Perhaps this is a good point to respond to my hon. Friend’s plea for us to do more. I am sure that the Foreign Office would not want me to over-promise, but I think that now is the time to review this situation across the Foreign Office and across the Department for International Development. I am happy to pledge to have a meeting with the Minister in DFID to see whether our response is appropriate, proportionate and co-ordinated. We have made efforts to ensure that it is all of those things, but I am sure we could do more. I do not think that anyone who sat in my office before the Rwandan genocide would have regretted spending more time on that issue rather than less.

The UK strongly supports a sanctions regime for Burundi.

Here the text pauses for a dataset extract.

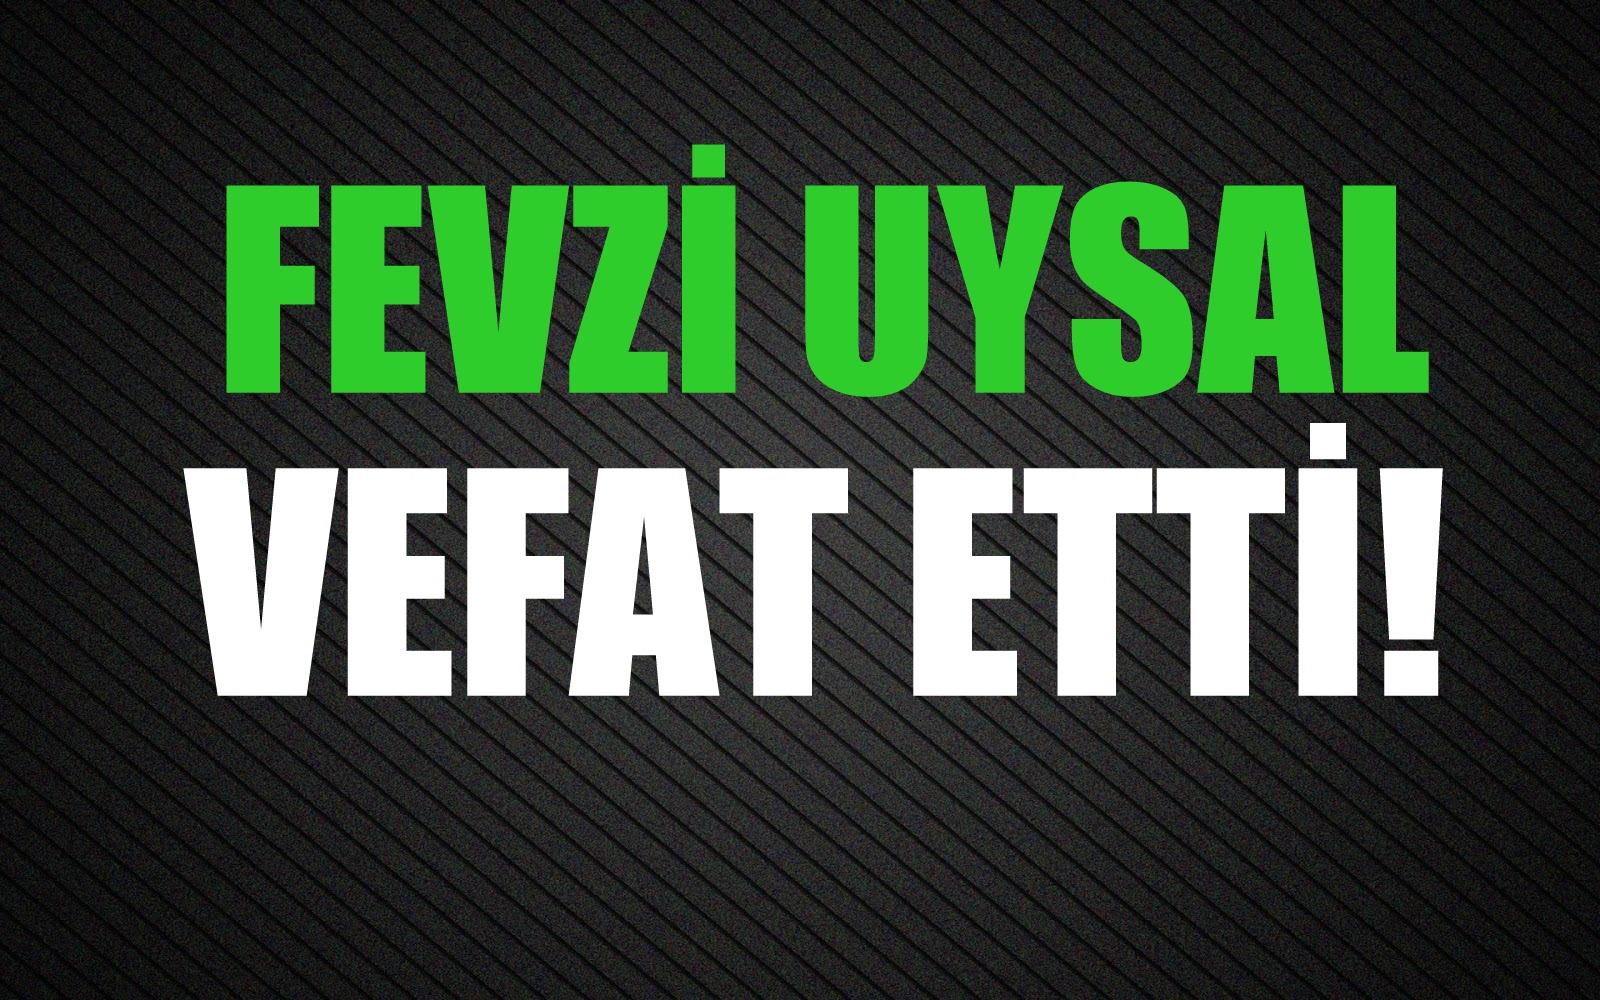 UYSAL AİLESİNİN ACI GÜNÜ!..

Four individuals have been listed so far, and the European Union and the African Union are giving consideration to further sanctions against individuals. I personally have made a number of calls to the Burundian Foreign Minister, Alain Aimé Nyamitwe, following the inflammatory comments made by the President and the president of the Senate, some of which my hon. Friend read out. They were truly distressing and hauntingly similar to words that were uttered in Rwanda before the genocide.

Our work in the region, in the European Union and with the United Nations has undoubtedly had an impact. The Burundian Government have already shown increased restraint in their deployment of the police and security forces, and they have finally accepted the notion of inclusive dialogue through article 96 consultations with the European Union, for which the UK pushed very hard. Under those consultations, the European Union will press Burundi on a range of issues related to the current crisis, including press freedom, human rights defenders and the proper functioning of the judiciary.

Looking ahead, I will visit Uganda, Rwanda and Burundi this month. I will be looking at a broad range of issues, but the main reason for my going is the situation in Burundi and its regional implications. I will meet members of each Government and members of the Burundian opposition, humanitarian organisations and UN agencies. I will listen to regional views on the situation and discuss how the UK and the international community could further support steps towards political dialogue. I will emphasise that the eyes of the world are on Burundi. I will call for urgent action to prevent the country from descending into civil war. And I will give a strong message that the security and safety of the people of Burundi are ultimately the responsibility of the Burundian Government.

To conclude, the UK is doing everything possible to ensure peace and prosperity for the Burundian people, but to achieve that, Burundi must step up and engage with the international community. To that end, we will continue to work with international partners, the United Nations, the European Union, the African Union and the East African Community. I again thank my hon. Friend for giving us the opportunity to debate these important issues in the House, and for his lobbying, which is in large part what is leading me to go to those countries later this month to advocate Her Majesty’s Government’s, and his, cause.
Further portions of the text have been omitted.